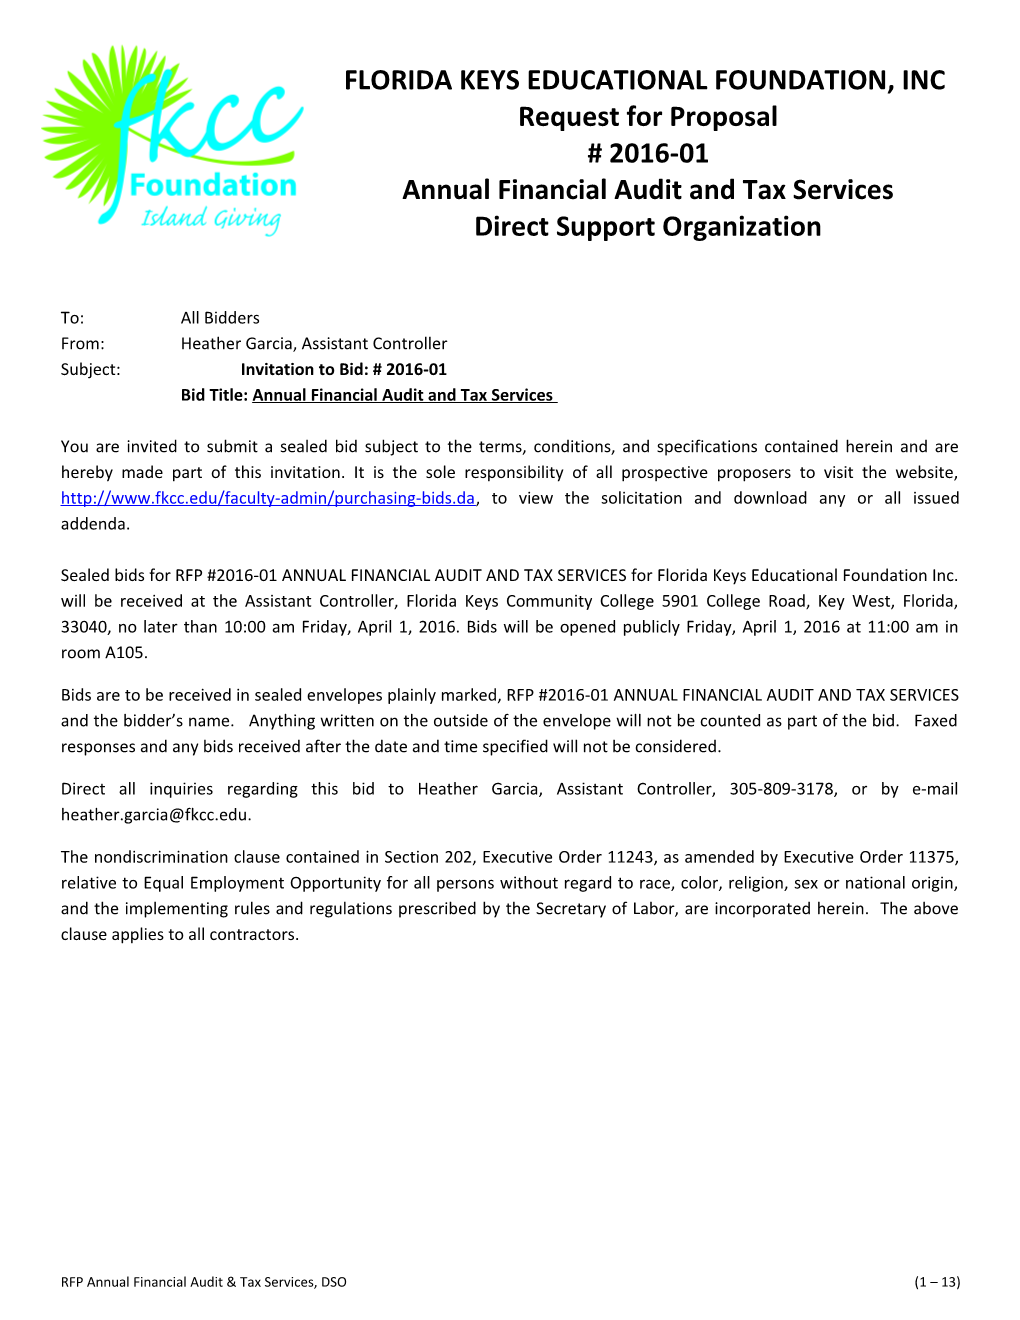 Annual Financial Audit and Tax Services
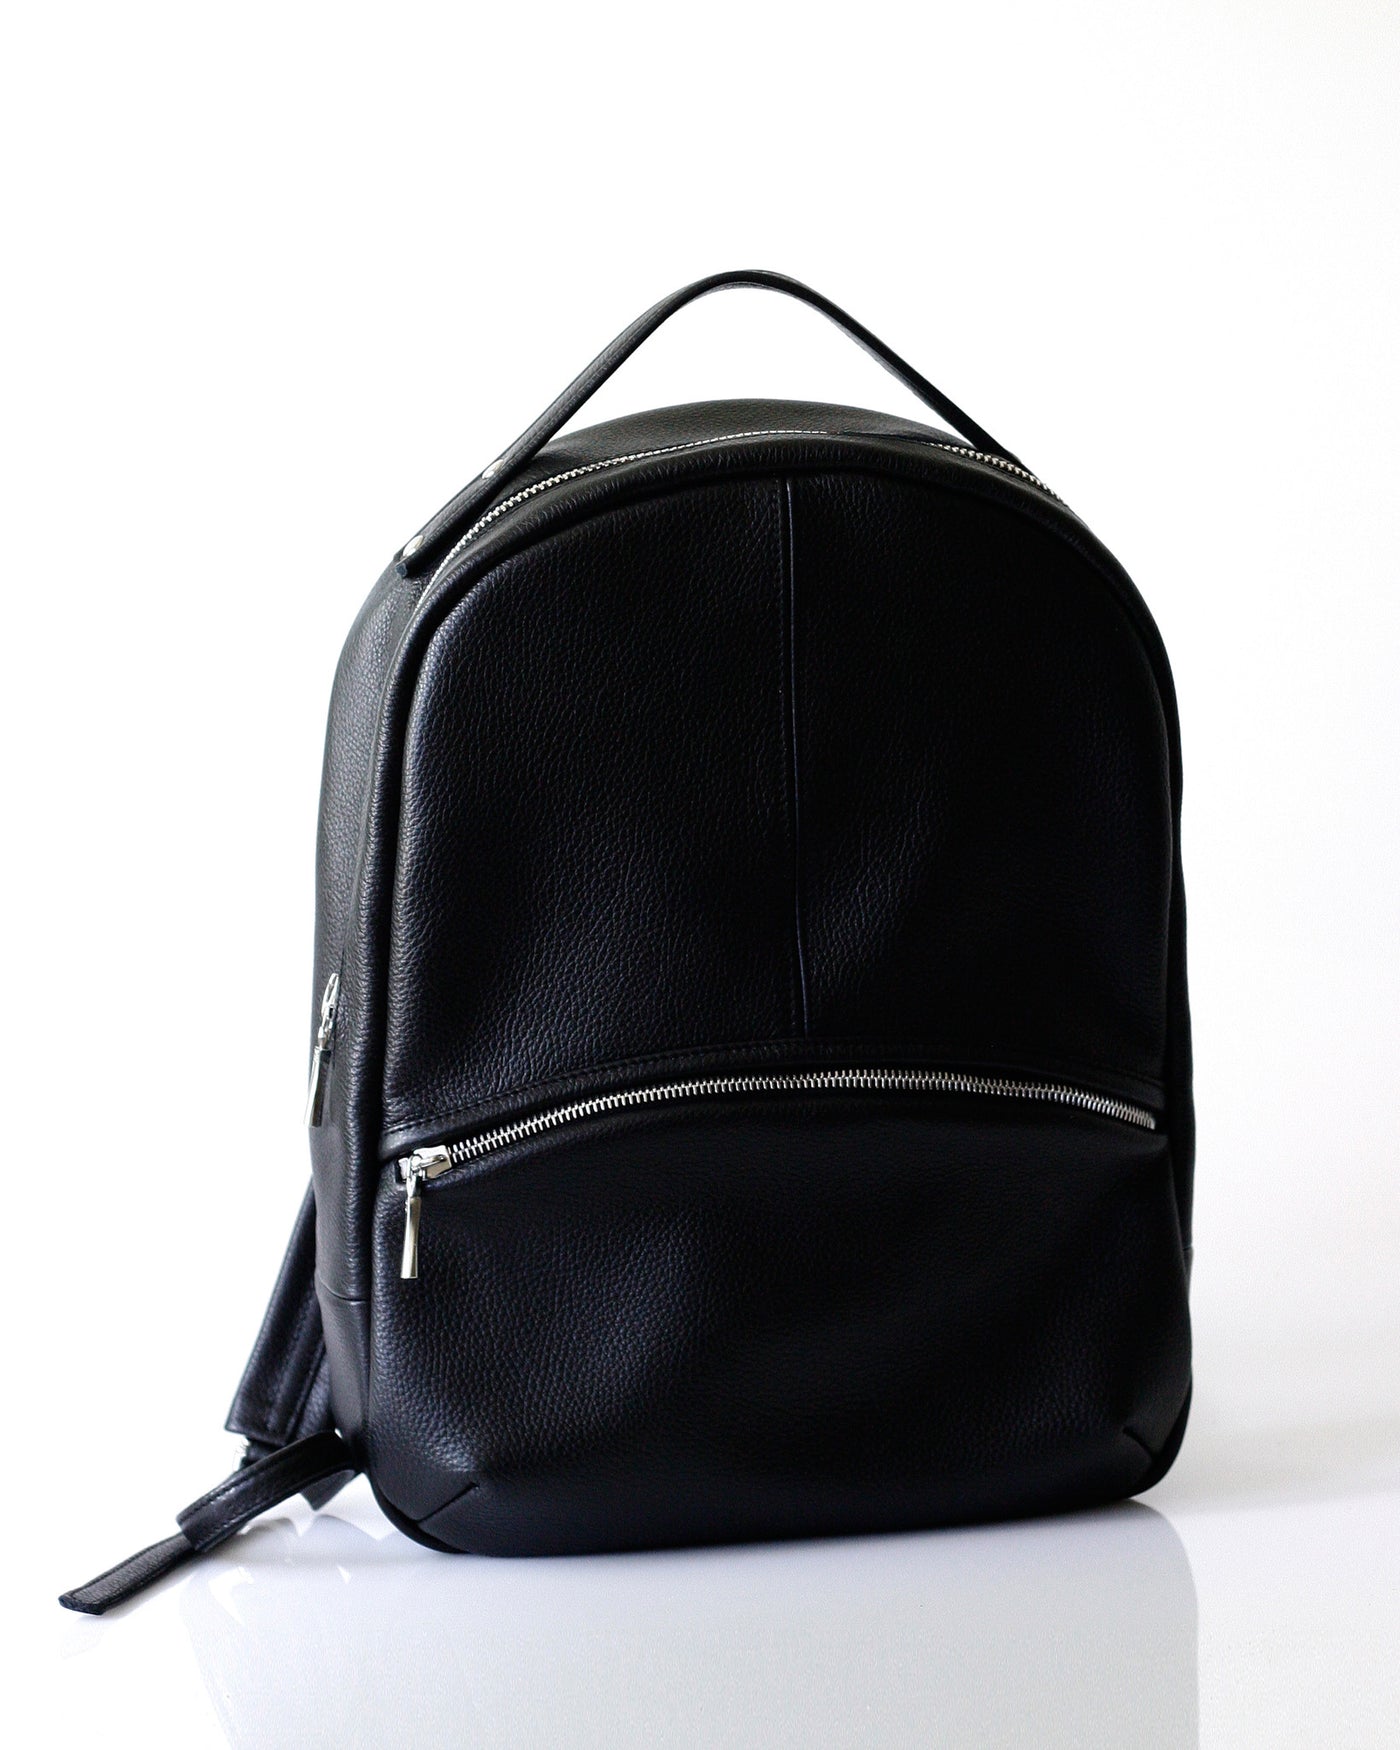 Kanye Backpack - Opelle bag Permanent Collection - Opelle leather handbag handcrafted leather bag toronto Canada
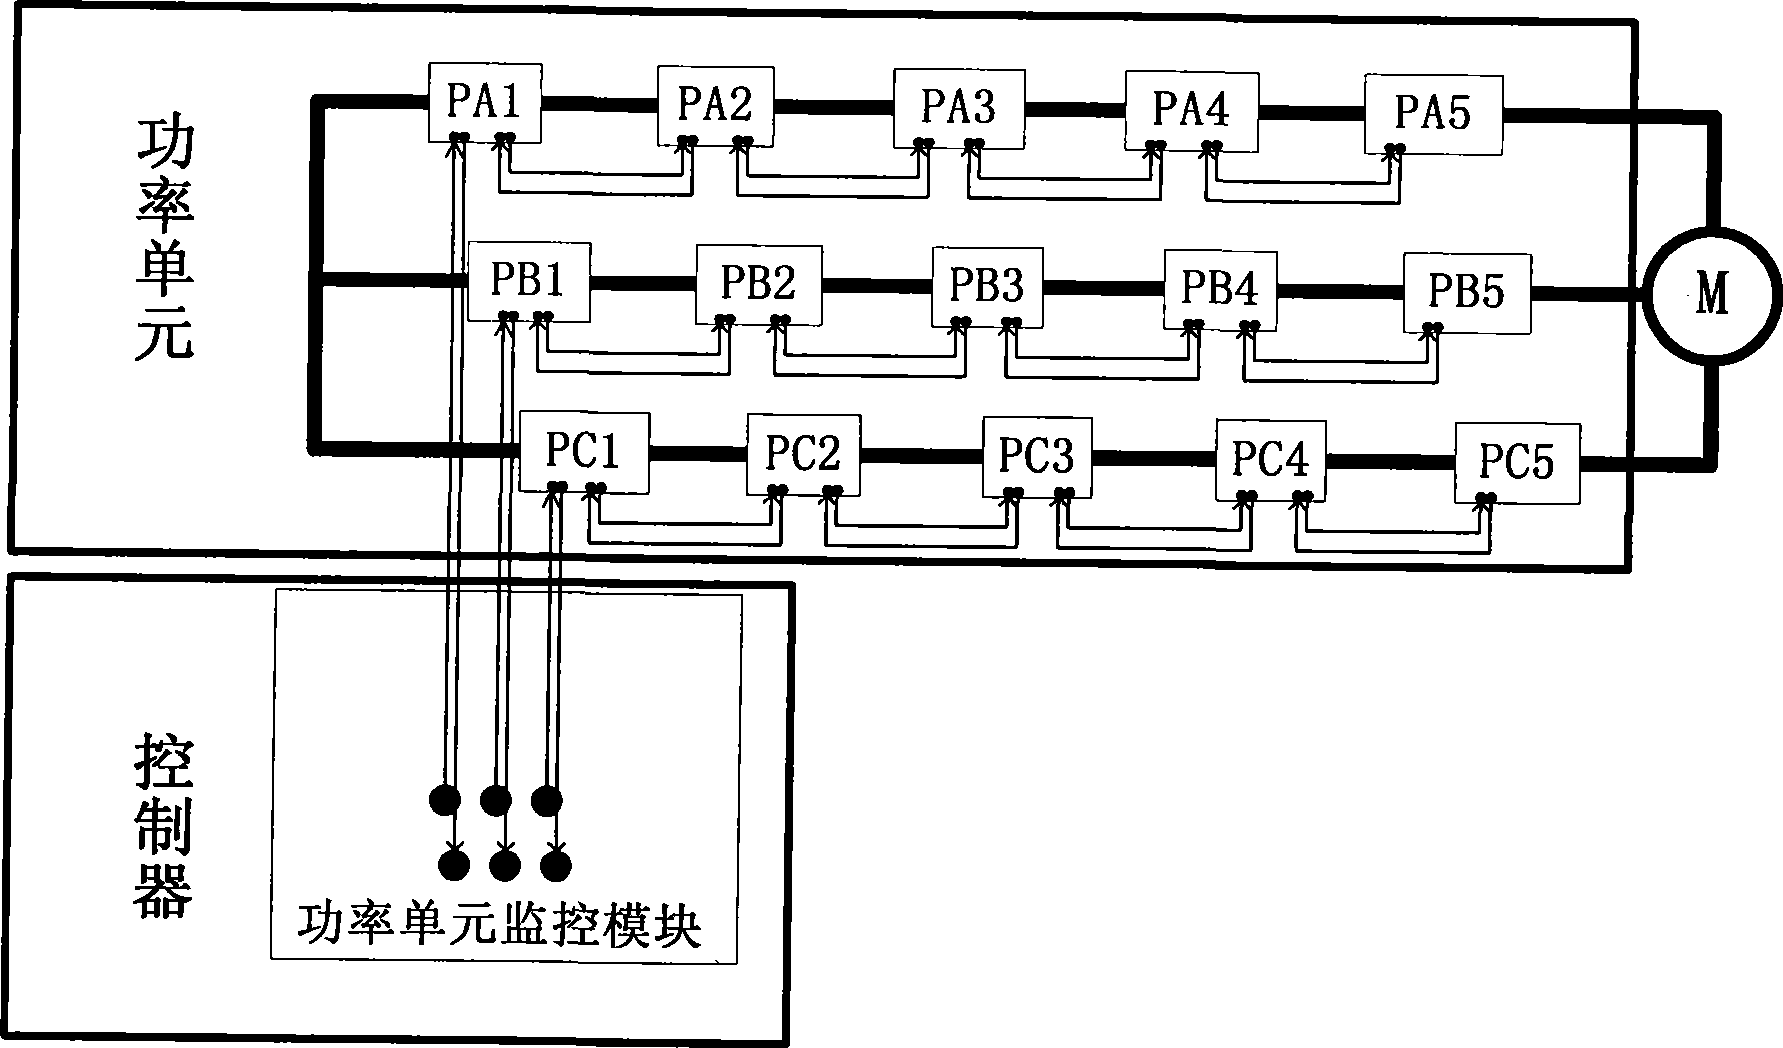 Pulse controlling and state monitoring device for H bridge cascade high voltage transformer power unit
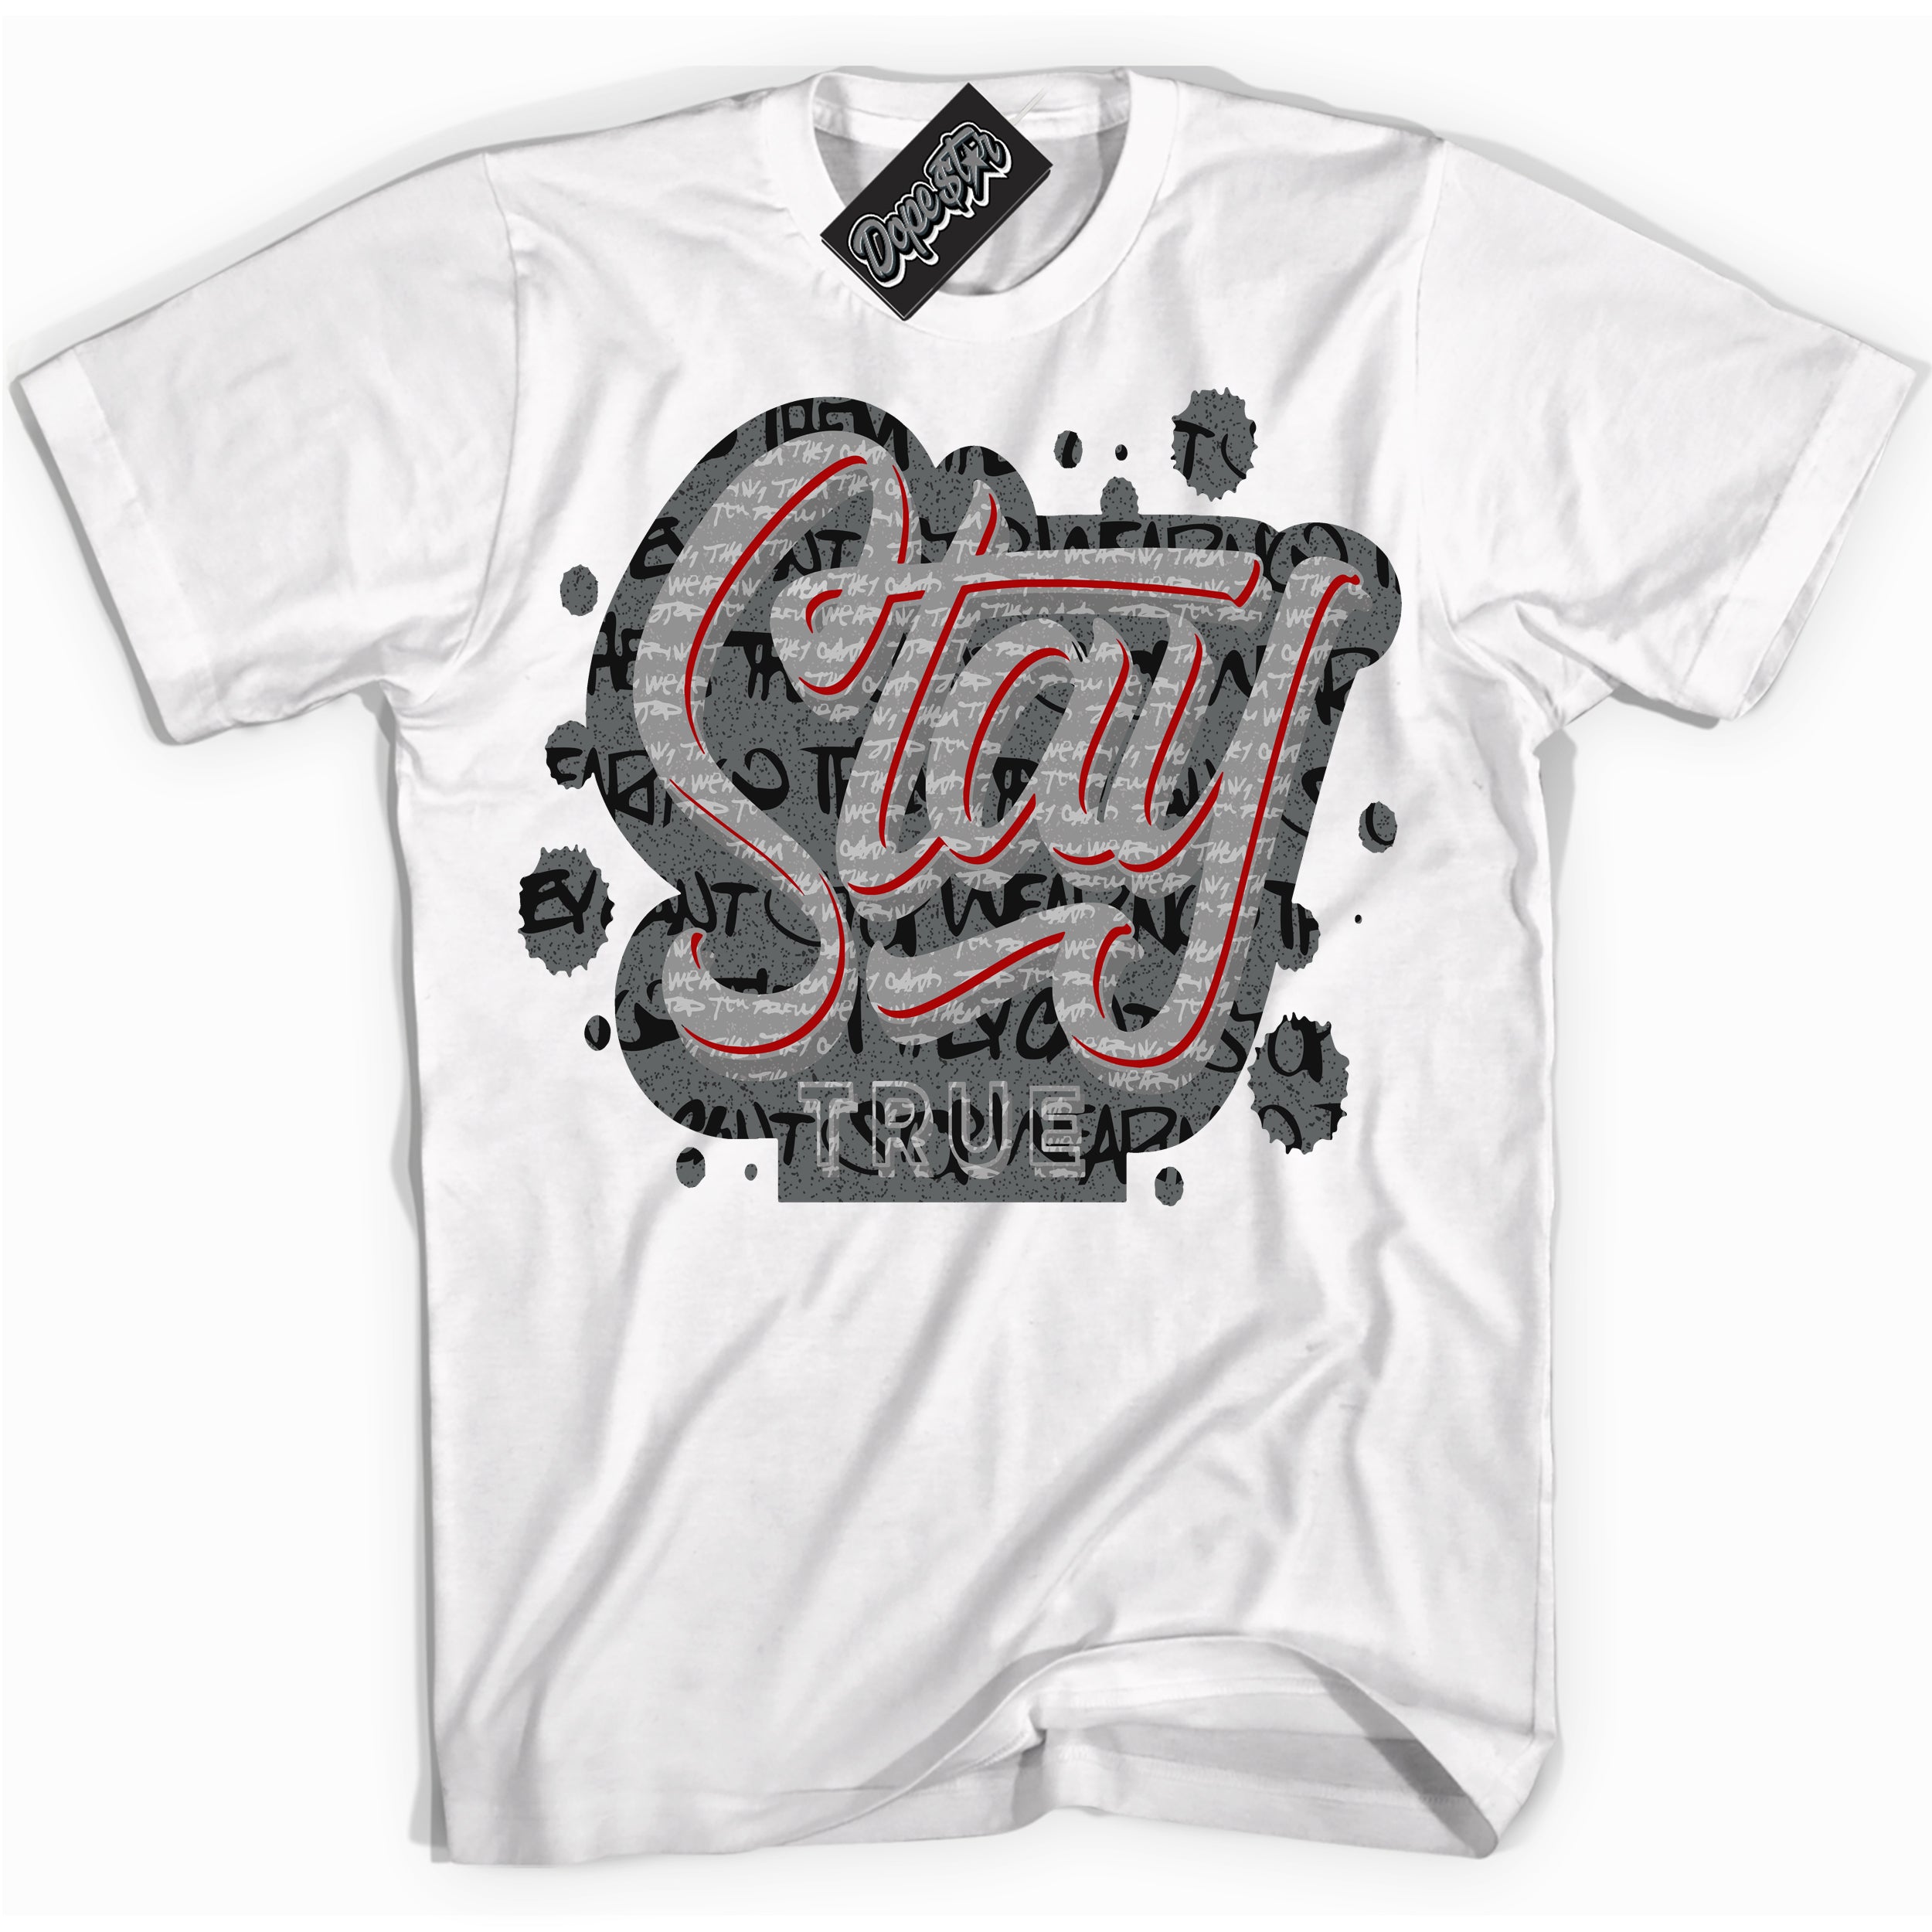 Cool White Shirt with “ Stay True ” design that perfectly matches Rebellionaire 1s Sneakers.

> **What you are asked to do**
Transcribe the listing in full and omit the pictures.

> **Finished task**
 Annual Financial Audit and Tax Services
 Kanye Backpack - Opelle bag Permanent Collection - Opelle leather handbag handcrafted leather bag toronto Canada
 Pulse controlling and state monitoring device for H bridge cascade high voltage transformer power unit
 Cool White Shirt with “ Stay True ” design that perfectly matches Rebellionaire 1s Sneakers.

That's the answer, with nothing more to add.